Managerial Remuneration

This query is : Resolved 

13 June 2011 In case of a private limited company (not a subsidiary of a public ltd company), are there any restictions for the remuneration paid to its directors.
The articles do not provide any restrictions.
Is Sch XIII applicable to such companies

13 June 2011 Sch XIII IS NOT applicable to such companies

14 June 2011 A private limited company which is on loss is giving Rs. 1 lakhs as monthly remuneration to its director.

Can this expense be allowed.

The details will be disclosed in the notes to accounts. Is there any other point to be verified during audit


03 August 2024 For a private limited company, especially one that is not a subsidiary of a public limited company, the regulations regarding managerial remuneration can be somewhat less stringent compared to public companies. Here's a detailed breakdown addressing your queries:

### **Regulations and Restrictions on Managerial Remuneration:**

1. **Applicability of Schedule XIII:**
- **Schedule XIII of the Companies Act, 1956:** This schedule provided guidelines on managerial remuneration, including limits and conditions for public companies and certain private companies.
- **Private Limited Companies:** Schedule XIII was generally not applicable to private limited companies. Private companies were often allowed more flexibility in determining remuneration, particularly if they were not subsidiaries of public companies.
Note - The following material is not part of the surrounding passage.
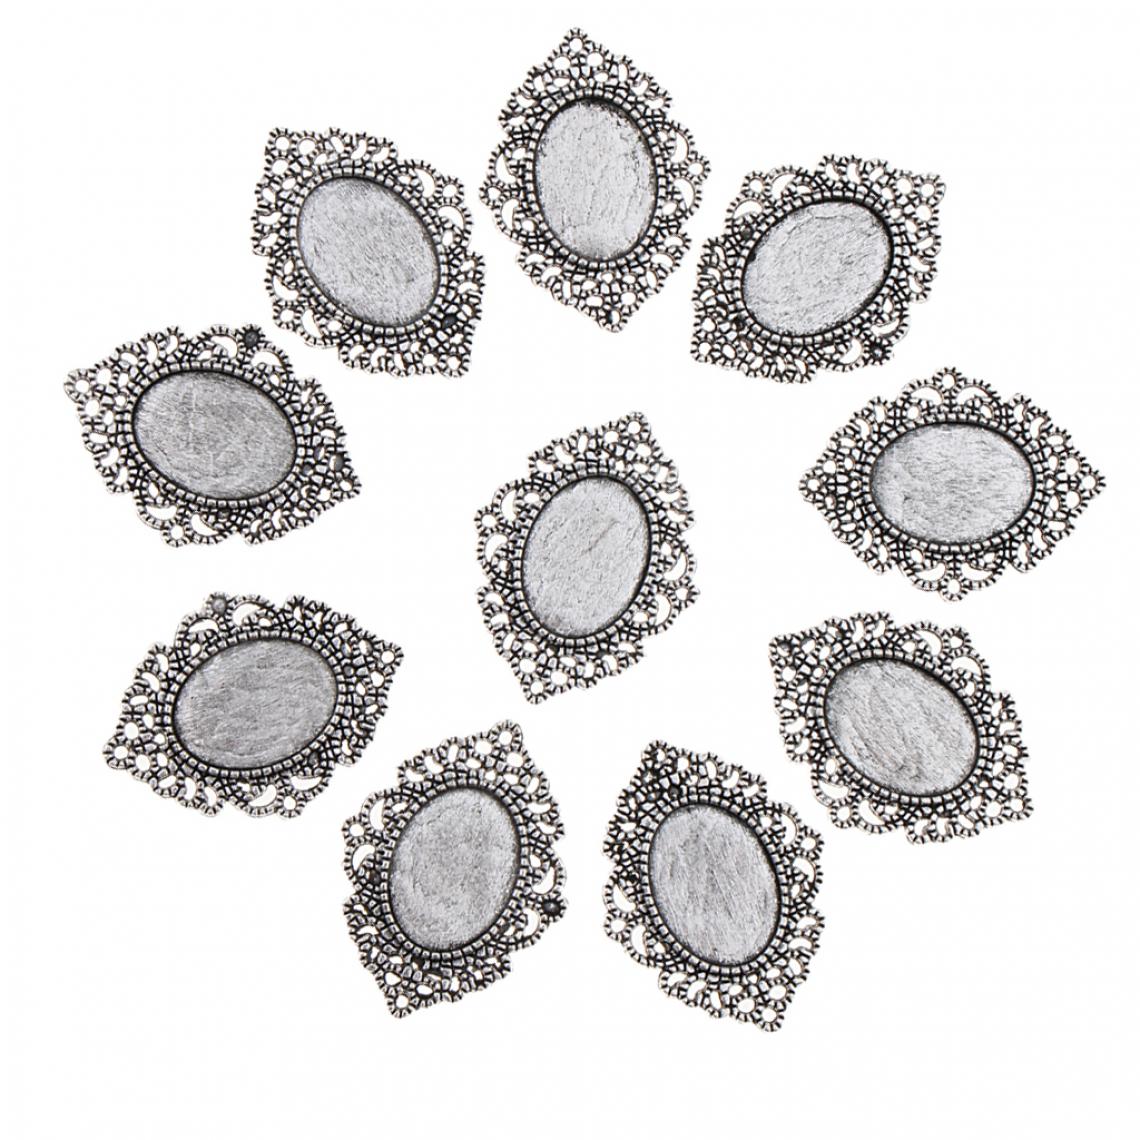 marque generique - 10pcs Pendentif de Collier Accessoire pour Fabrication des Bijoux Bricolage Artisanat - Motif de Plateau Ovale Argent - Perles

2. **Current Legal Framework:**
- **Companies Act, 1956:** Under the Companies Act, 1956, Schedule XIII was applicable to public companies and private companies that were subsidiaries of public companies. For other private companies, the restrictions were less stringent.
- **Companies Act, 2013:** The Companies Act, 2013, replaced the Companies Act, 1956, and introduced new provisions. Under the Companies Act, 2013:
- **No Specific Schedule XIII:** Schedule XIII has been replaced, but the new act has its own provisions for managerial remuneration.
- **Private Companies:** Private companies have more flexibility, but they must still ensure that remuneration is reasonable and justifiable, especially if the company is in loss.

3. **Remuneration in Loss-Making Companies:**
- **Managerial Remuneration:** Even if a private company is making a loss, it can still pay remuneration to its directors. However, the remuneration must be reasonable and justified based on the company’s financial position.
- **Accounting and Disclosure:** The expense for remuneration must be properly accounted for and disclosed in the financial statements. The disclosure in the notes to accounts should include the total remuneration paid and any relevant details.

4. **Audit Considerations:**
- **Verification Points During Audit:**
- **Reasonableness of Remuneration:** Ensure that the remuneration is reasonable and not excessive given the financial position of the company. Even though Schedule XIII may not apply, remuneration should still be fair and justifiable.
- **Approval Process:** Check if the remuneration was approved by the Board of Directors and documented in the minutes of the meetings. For private companies, this is more of a corporate governance issue rather than a legal requirement.
- **Compliance with Articles of Association:** Verify if the Articles of Association (AOA) of the company specify any limits or conditions on the payment of remuneration, even if they are not currently restrictive.
- **Disclosure:** Confirm that the remuneration and any related party transactions are properly disclosed in the notes to the financial statements.

### **Summary:**

- **No Specific Restrictions:** For a private limited company that is not a subsidiary of a public company, there are no specific statutory restrictions on remuneration under Schedule XIII of the Companies Act, 1956, or its successor provisions in the Companies Act, 2013. However, remuneration must still be reasonable and justifiable.
- **Disclosure and Audit:** Proper disclosure in the notes to accounts is required, and during an audit, the focus should be on the reasonableness of the remuneration, proper approval, and adherence to corporate governance practices.

**Recommendation:**

- **Consult Professionals:** It is advisable to consult with a legal or financial professional to ensure that all aspects of managerial remuneration are compliant with current regulations and best practices. This can help address any potential issues and ensure transparency in financial reporting and corporate governance.